The total number of team wins had to come out correct, so an adjustment was made.

chasfh
Guest
chasfh
3 years 1 month ago

Why is replacement level set at 1,000 WAR per 2,430 games? What is the genesis of that number?

Pinstripe Wizard
Member
3 years 1 month ago

I would assume it is because it is very close to Tom Tango’s original number of 1009 wins and it is a round number. Who doesn’t like round numbers?

Darren
Guest
Darren
3 years 1 month ago

BRAVO!. I have been waiting for this for a long time, and the decision to make it a clean 1000 will make it more simple for the casual reader while still making it accurate and reasonable. Thanks David, Dave and Sean.

I heard that BPro was also considering unifying their replacement level to your sites as well. Is that happening.

Clutch Narrative
Member
Clutch Narrative
3 years 1 month ago

Baseball Prospectus differs not only on replacement level, but also on run per win.

tz
Guest
tz
3 years 1 month ago

I guess we now can use the “Griffin line” as the career equivalent of the “Mendoza line”

tz
Guest
tz
3 years 1 month ago

and btw, love the change here and at baseball reference!

Baltar
Guest
Baltar
3 years 1 month ago

LOL!

Kiss my Go Nats
Guest
Kiss my Go Nats
3 years 1 month ago

poor Alfredo, he will be forever be known as the player behind the Alfred Line.

MarinersFan000
Member
MarinersFan000
3 years 1 month ago

Just out of curiosity does anyone know what version of WAR espn uses on their site? Just wondering if the numbers there would be making the adjustment as well or if those numbers would still reflect a different baseline.

momomoses7
Member
momomoses7
3 years 1 month ago

I believe ESPN uses bWAR

Clutch Narrative
Member
Clutch Narrative
3 years 1 month ago

ESPN uses Baseball Reference metrics, including WAR.

JeffD
Guest
JeffD
3 years 1 month ago

Playing the d’s advocate here: isn’t this simply a case of the two WAR peeps getting together so that there can’t be any more, “But the two WAR peeps can’t even come up with the same WAR?” or something similar?

agam22
Guest
agam22
3 years 1 month ago

But there are still differences in the calculations that, as Dave says, should be considered a feature as they can tell you different things about different players.
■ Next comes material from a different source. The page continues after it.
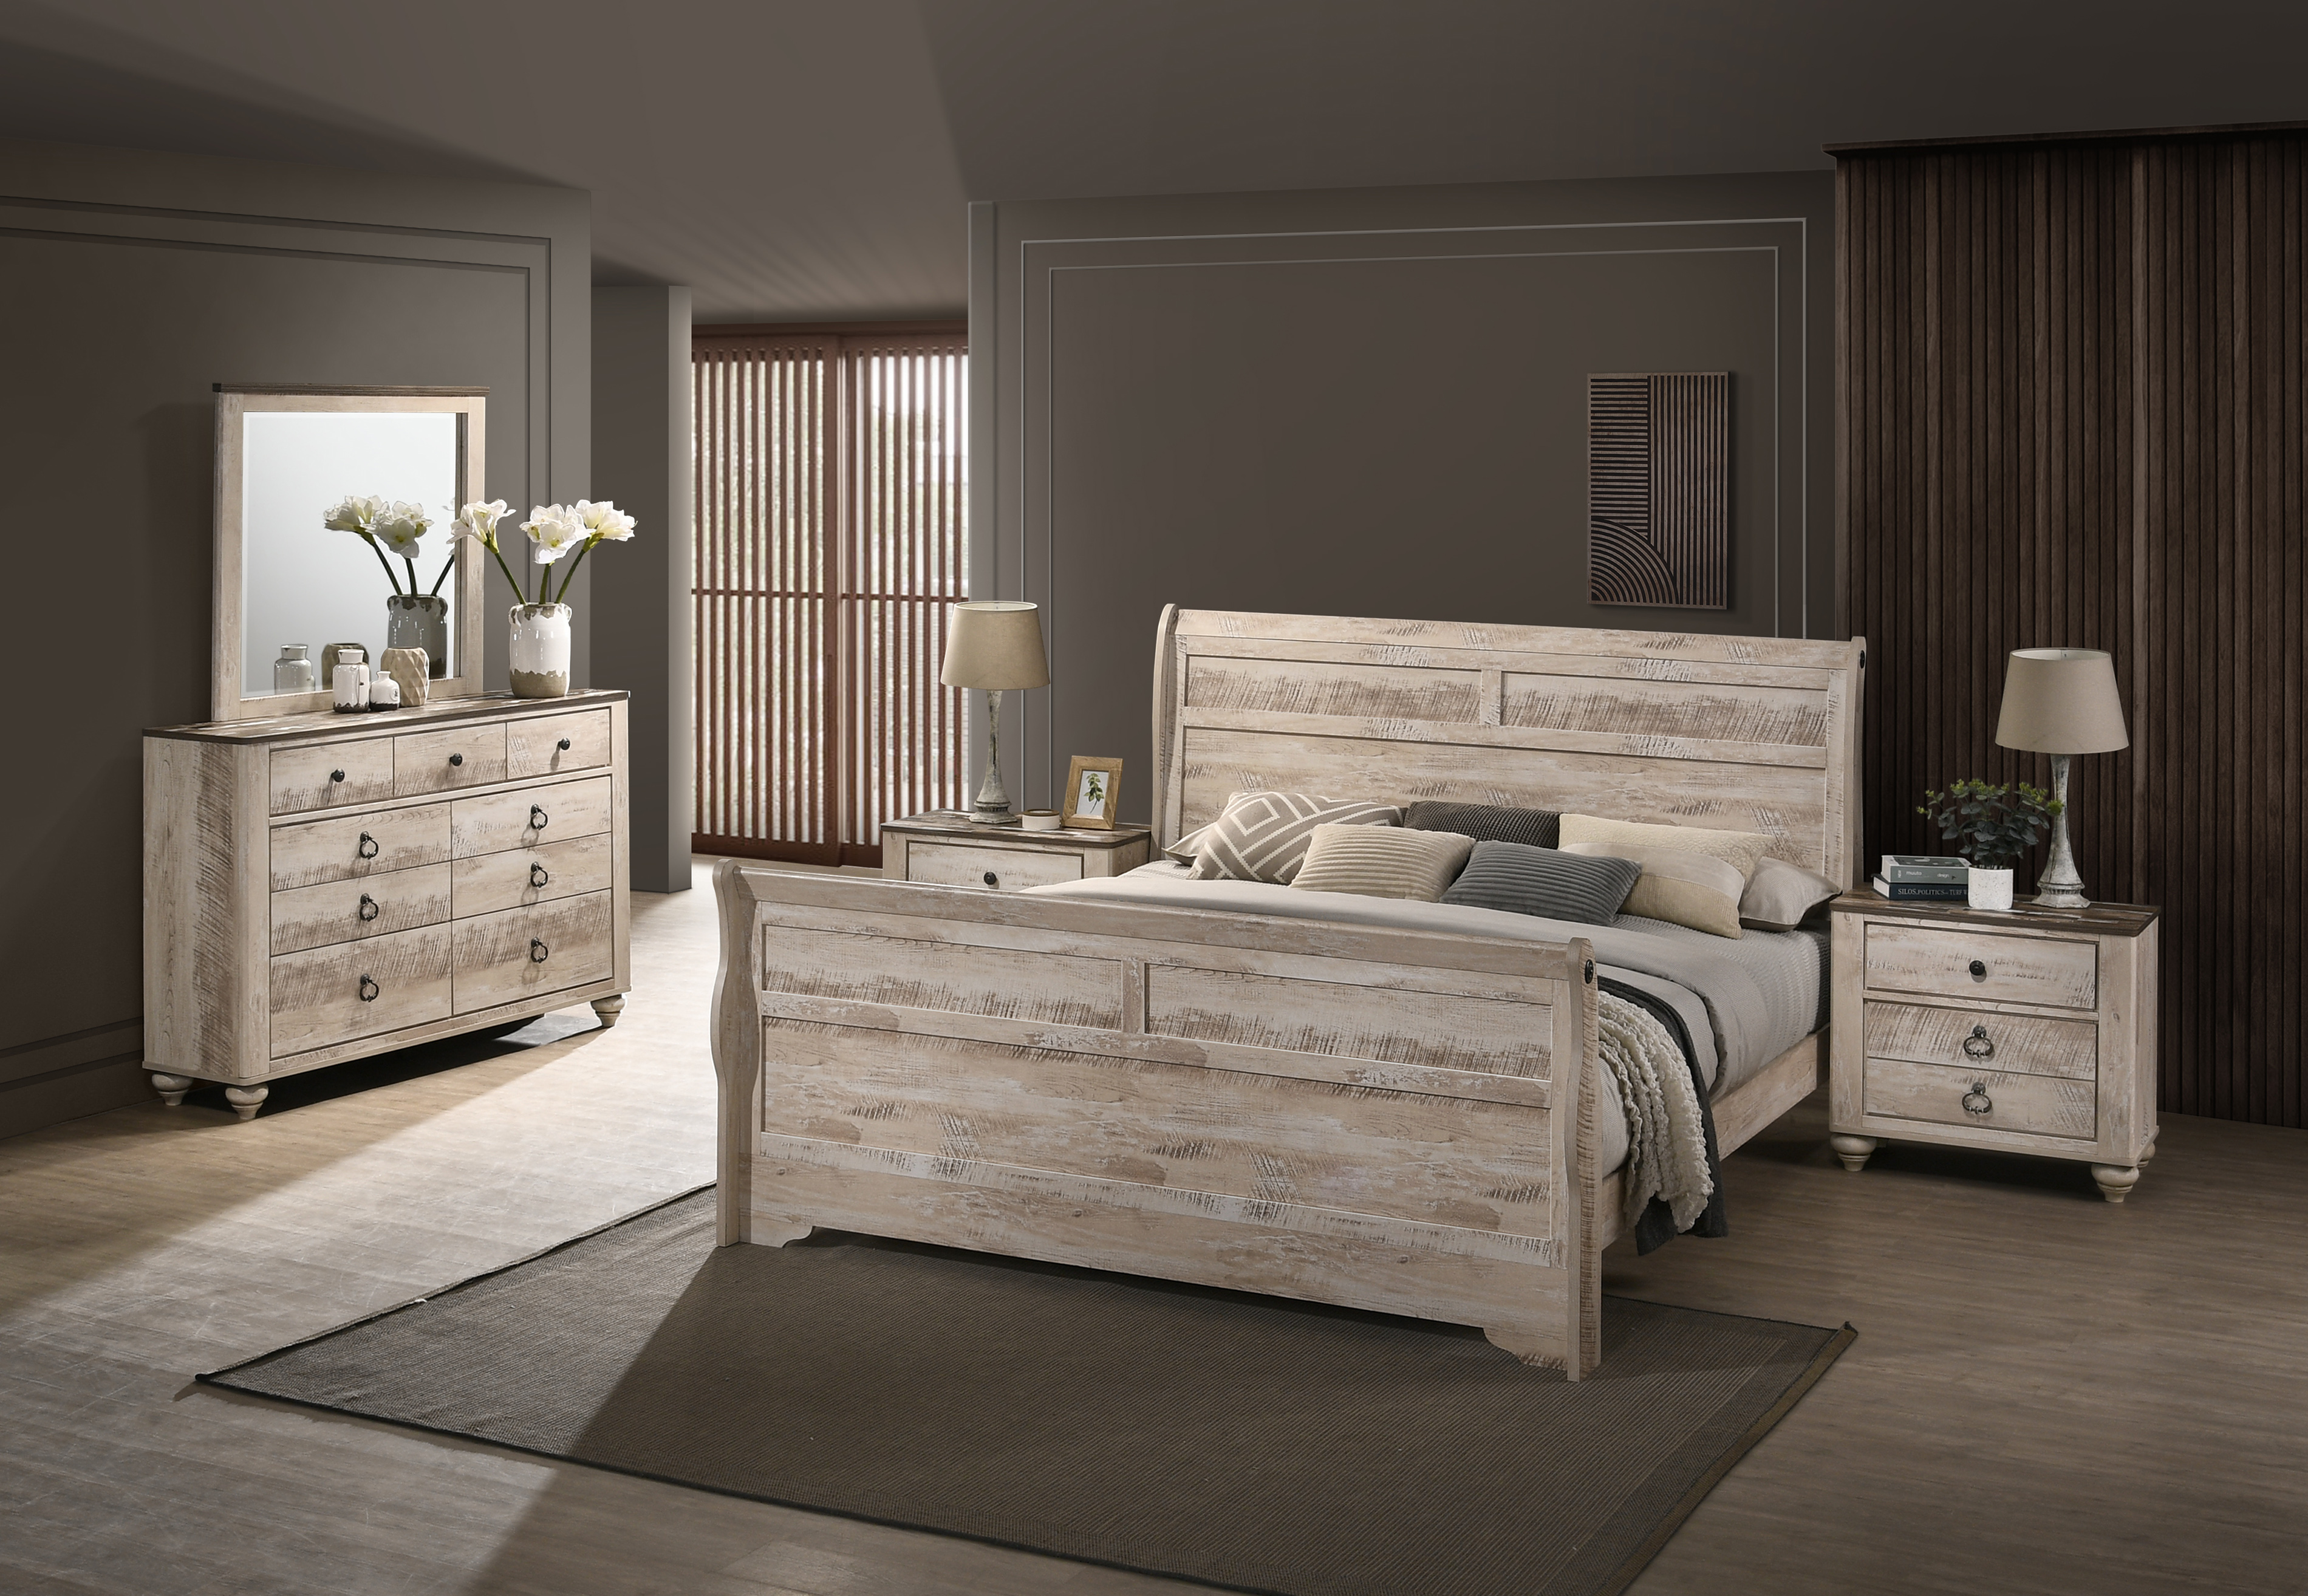 Imerland Contemporary White Wash Finish Bedroom Set with Queen Sleigh Bed, Dresser, Mirror, Two Nightstands - image 1 of 11

This is just putting both stats on the same scale to make comparisons easier

chuckb
Guest
chuckb
3 years 1 month ago

They’re only getting together on the value of replacement level. They’re not creating 1 unified WAR that will become THE WAR calculation. That was my initial concern but Dave’s explanation here alleviated that.

jfree
Member
jfree
3 years 1 month ago

JAW JAW is always better than WAR WAR. Now that there’s only one WAR, the saber rattlers can focus on JAW JAW.

jfree
Member
jfree
3 years 1 month ago

Yeesh. Meant to say — Now that the WAR War’s over, the saber rattlers can focus on JAW JAW.

Caveman Jones
Guest
Caveman Jones
3 years 1 month ago

Is there any way we can get a list of the players who lost the most WAR due to the change in baseline?

Bryce
Member
Bryce
3 years 1 month ago

Just sort by career PA or IP.

kdm628496
Member
kdm628496
3 years 1 month ago

does this mean that the cohort of replacement-level players you investigated will now produce a larger negative WAR?

Baltar
Guest
Baltar
3 years 1 month ago

Yes, they will.

Jason
Guest
Jason
3 years 1 month ago

Hey Dave, can you go back and fix all the articles written in the last five years? Thanks.

gouis
Guest
gouis
3 years 1 month ago

Hey Jason,

Nothing changes because everyone goes down by the same amount. So in reality nothing changes except the exact numbers.

chuckb
Guest
chuckb
3 years 1 month ago

Everyone doesn’t change by the same amount. The replacement baseline changes for everyone but that doesn’t affect everyone’s WAR calculation equally.

Baltar
Guest
Baltar
3 years 1 month ago

LOL!
That thought occurred to me, not just humouresly but seriously. I was thinking of the recent rankings series and whether they would correct it, then realized that if they did that, why not everything? Then the enormity of the task knocked the silly out of me.

Tom H.
Guest
Tom H.
3 years 1 month ago

I think it would be great to add (statistical) uncertainties into baseball stats. For example, if a player had a .400 OBP in 600 plate appearances, the rough statistical error would be 1/sqrt(N) ~ 0.041, so you could quote his OBP as .400 +/- 0.041. The same could be done for any rate stat (or counting stat, if you’re careful). Propagating these errors through the WAR calculation could clear up some of these issues.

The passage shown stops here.